I only use 1916 plain vanilla GR with the Levi-Civita connection. No extended "Affine" connection etc.
Start with
ds^2 = guvdx^udx^v
Summation convention over repeated upper and lower indices.
Equations in physics must be dimensionally consistent. Mathematicians sometimes flout this in differential geometry. One can do this virtually in intermediate steps as long as one checks that the final real output equations are physically consistent dimensionally. Similarly theoretical physicists have a pure mathematician's Cargo Cult fetish and like to be "elegant" setting everything in sight = 1, e.g. h = c = G = 1 that causes a lot of confusion and leads to them missing interesting connections between seemingly disparate quantities. As Ludwig Boltzmann said "Elegance is for tailors."
ds is the local frame invariant differential length, dx^u is a frame-dependent coordinate differential length, therefore, the metric tensor components guv must be dimensionless pure numbers and the L-C connection has dimension 1/(length). Therefore, c^2{L-C} is an "acceleration".
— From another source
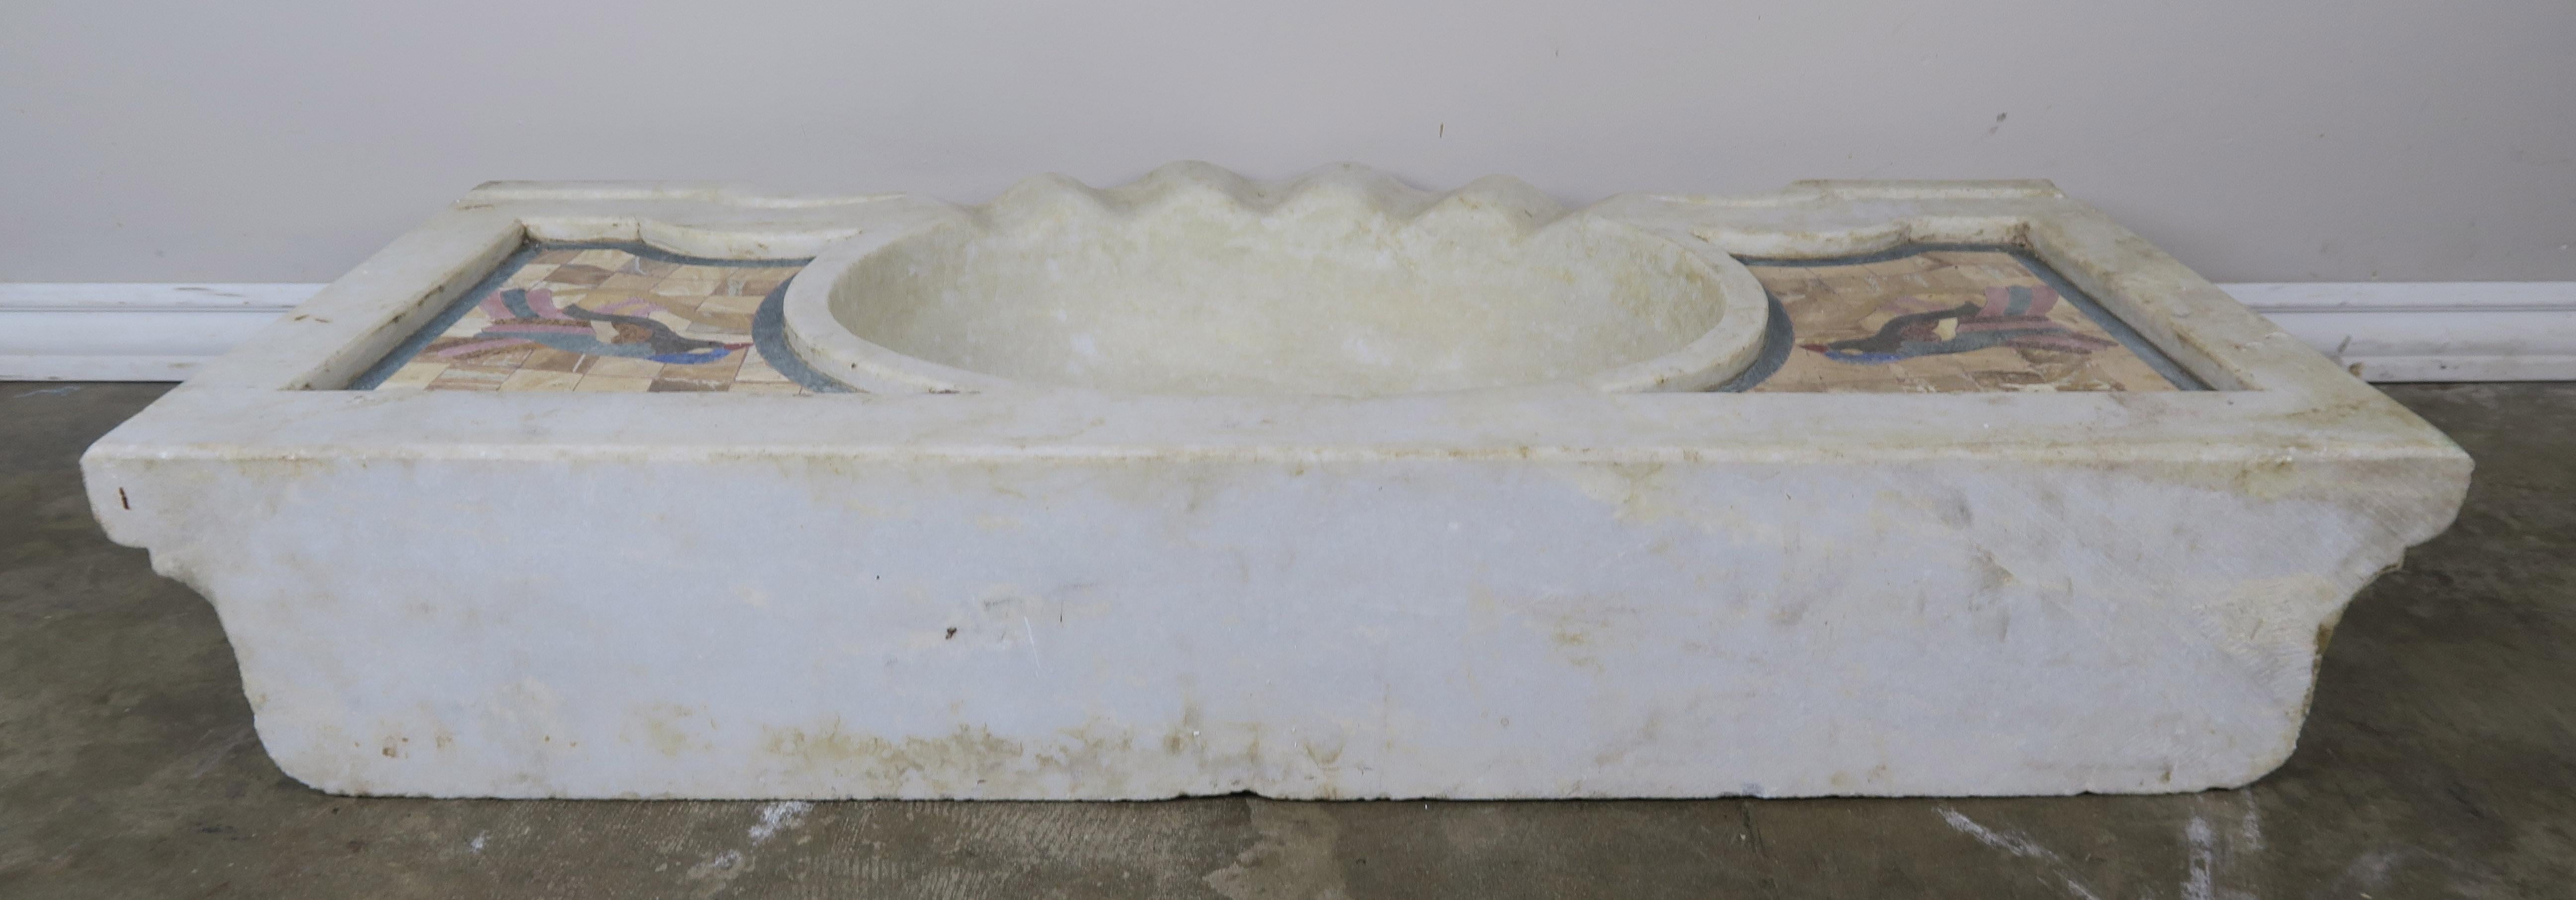 Carrara Marble Sink with Inlaid Stone Birds 4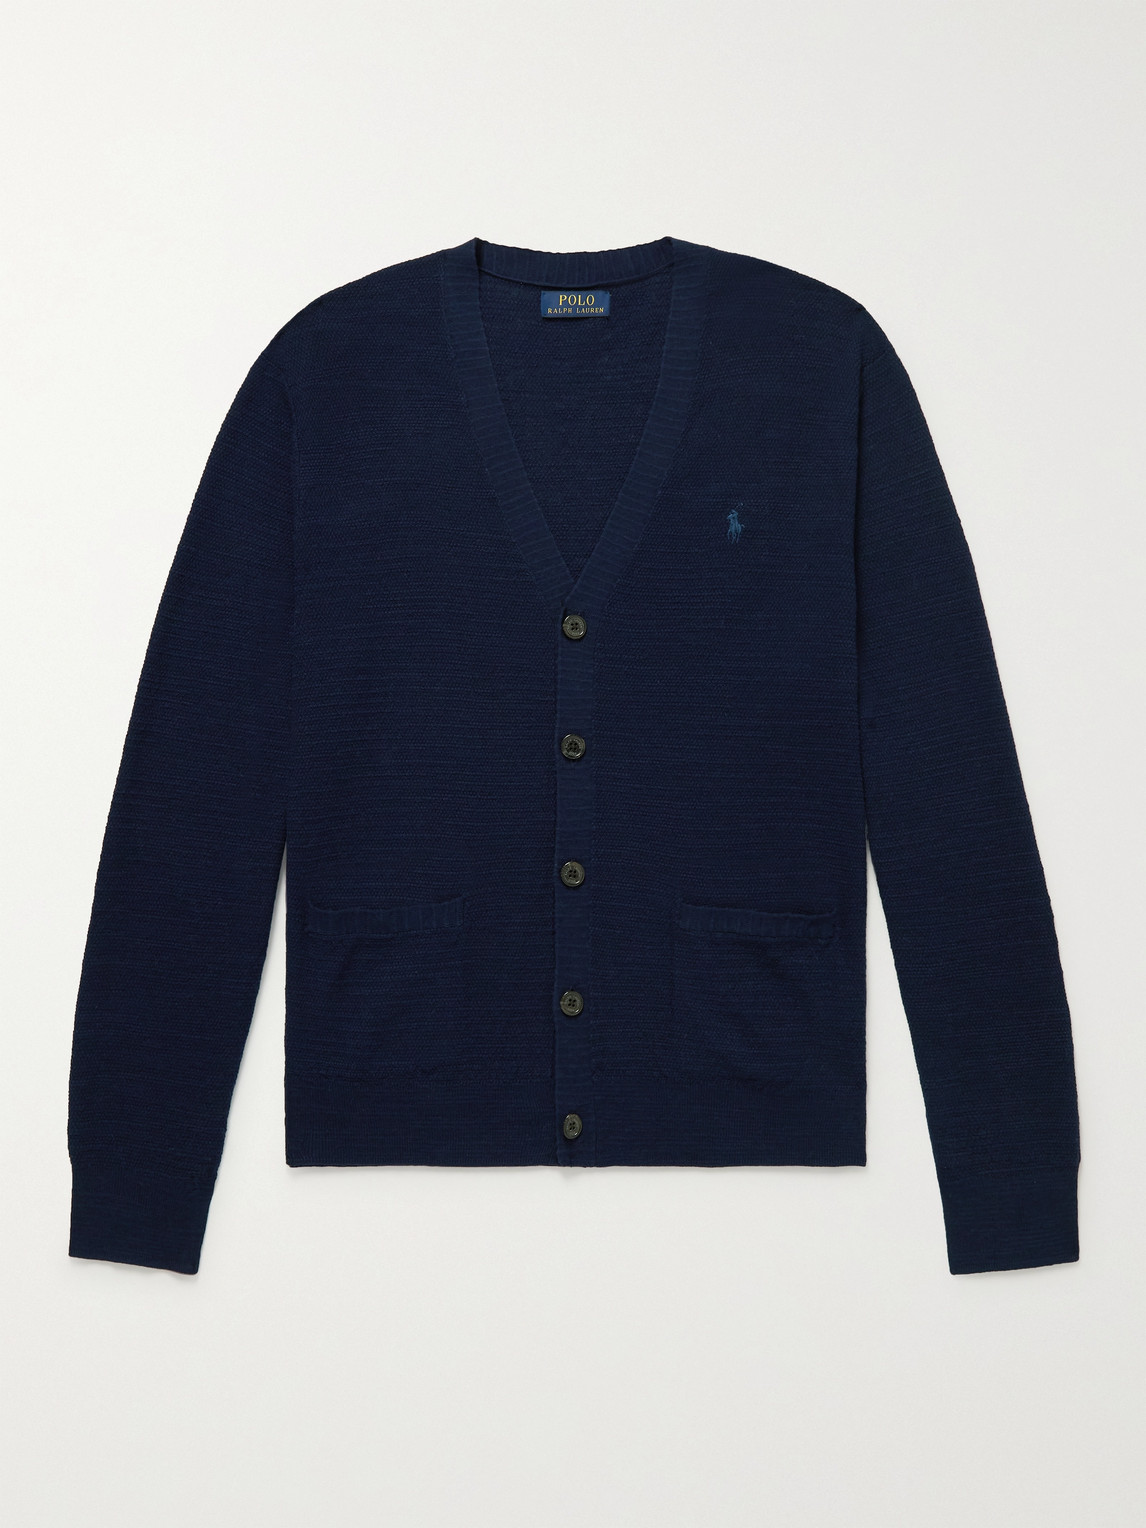 POLO RALPH LAUREN LOGO-EMBROIDERED WAFFLE-KNIT COTTON AND LINEN-BLEND CARDIGAN

Example 1. Global Inertial Frame GIF in really flat space-time.
In Cartesian coordinates
ds^2 = -(cdt)^2 + dx^2 + dy^2 + dz^2
goo = -1
g11 = g22 = g33 = 1
all off-diagonal components = 0.
Look at (see below for proof)
{LC}i00 = (1/2)(g0i,0 + gi0,0 - g00,i) = goi,0 - (1/2)goo,i
Obviously
{LC}i00 = 0
in GIF Cartesian coordinates.
1a. Do a static orthogonal coordinate transformation to spherical polar coordinates. This is not a local general coordinate transformation but a rigid global coordinate transformation.
z = rcos(theta)
x = rsin(theta)cos(phi)
y = rsin(theta)sin(phi)
dt = dt'
dz = drcos(theta) - rsin(theta)dtheta
dx = drsin(theta)cos(phi) + rcos(theta)cos(phi)dtheta - rsin(theta)sin(phi)dphi
dy = drsin(theta)sin(phi) + rcos(theta)sin(phi)dtheta + rsin(theta)cos(phi)dphi
Substitute to get
ds^2 = -(cdt)^2 + dr^2 + r^2[dtheta^2 + sin^2(theta)dphi^2]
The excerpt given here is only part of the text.